Dataset extract:
BEGIN
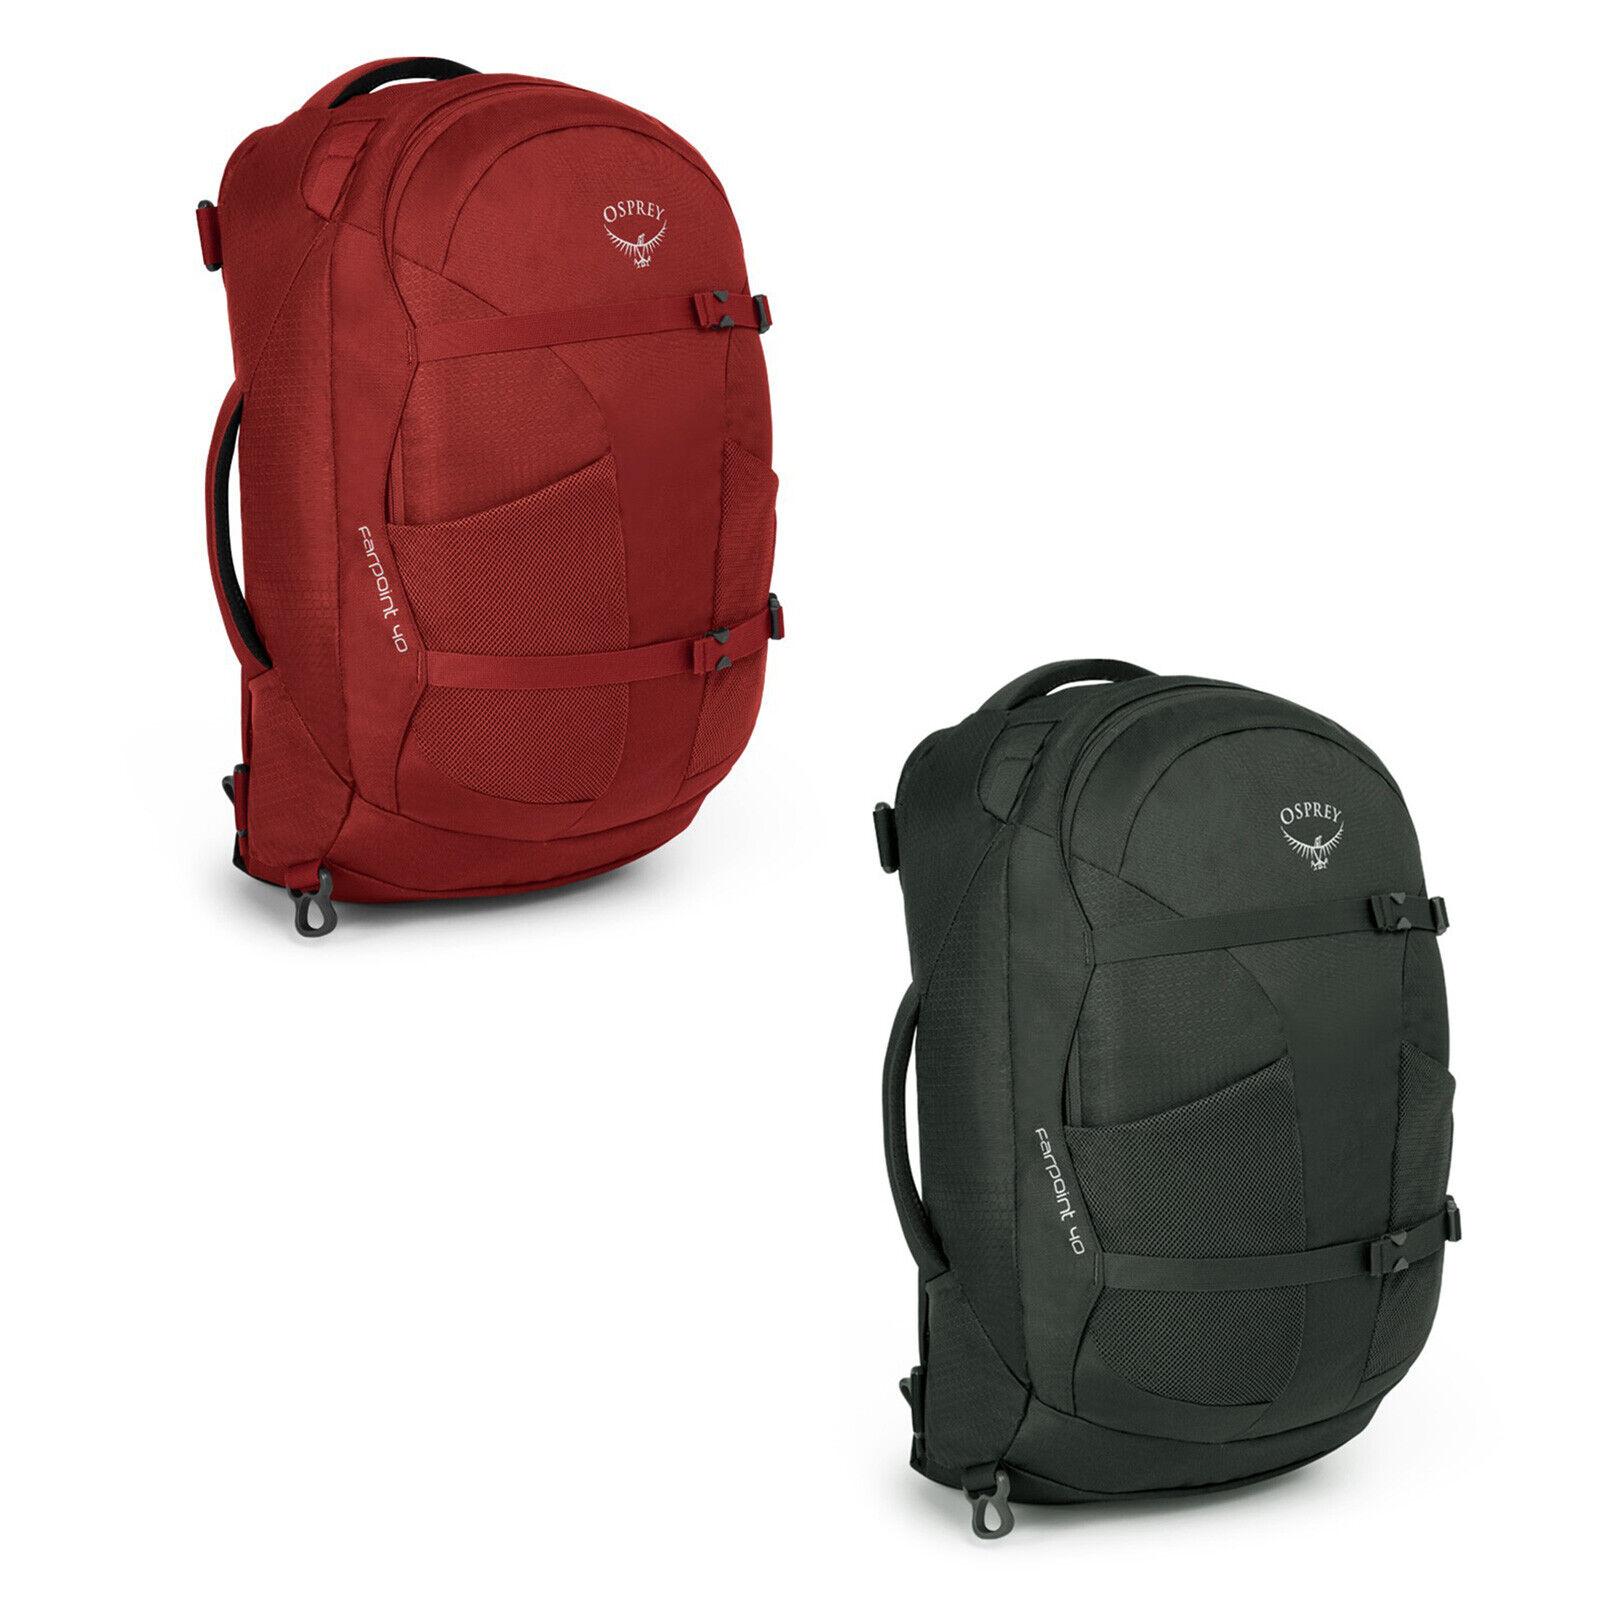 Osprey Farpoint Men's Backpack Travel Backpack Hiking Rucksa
END
BEGIN
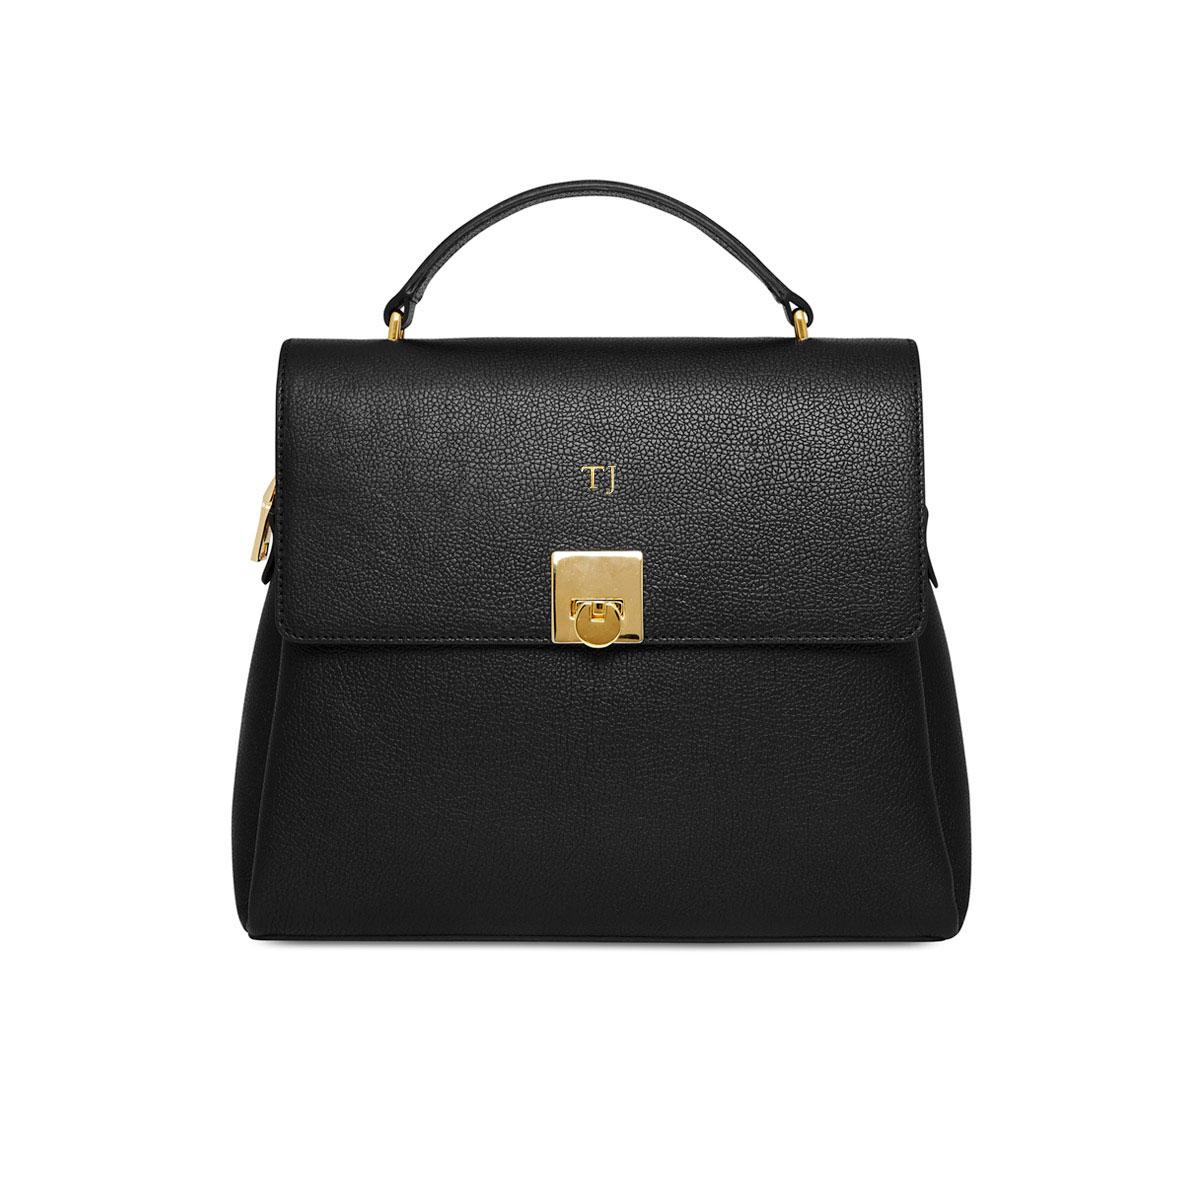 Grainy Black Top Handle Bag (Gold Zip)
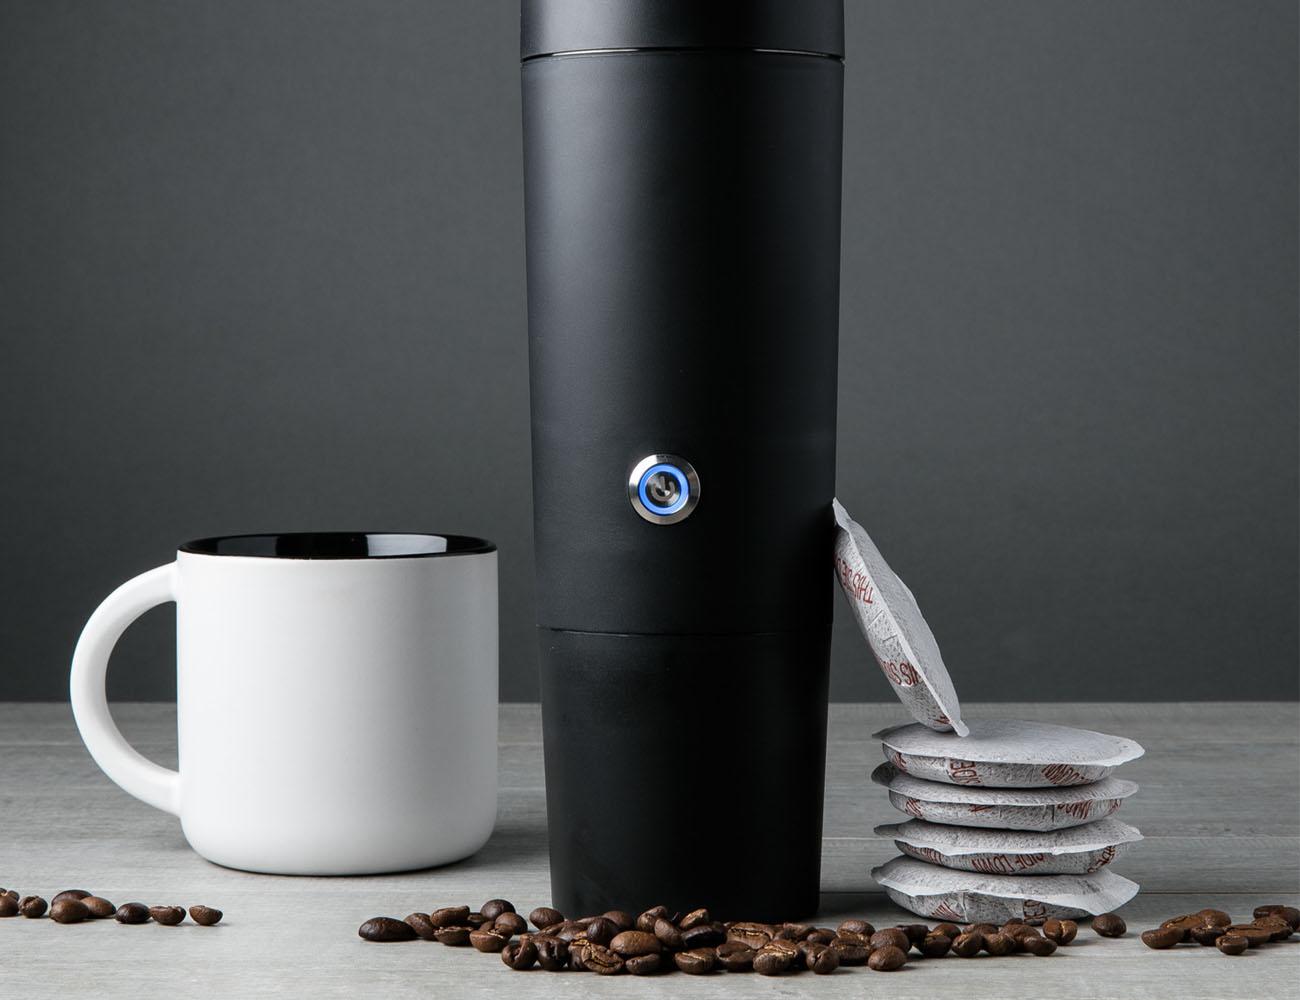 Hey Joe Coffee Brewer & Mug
END
Problem details: Within the listing above, copy exactly the lines that start at the one with "Grainy Black Top Handle Bag (Gold Zip)" and continue through the one with "Hey Joe Coffee Brewer & Mug". Omit pictures.

Solution to this exercise:
 Grainy Black Top Handle Bag (Gold Zip)
 Hey Joe Coffee Brewer & Mug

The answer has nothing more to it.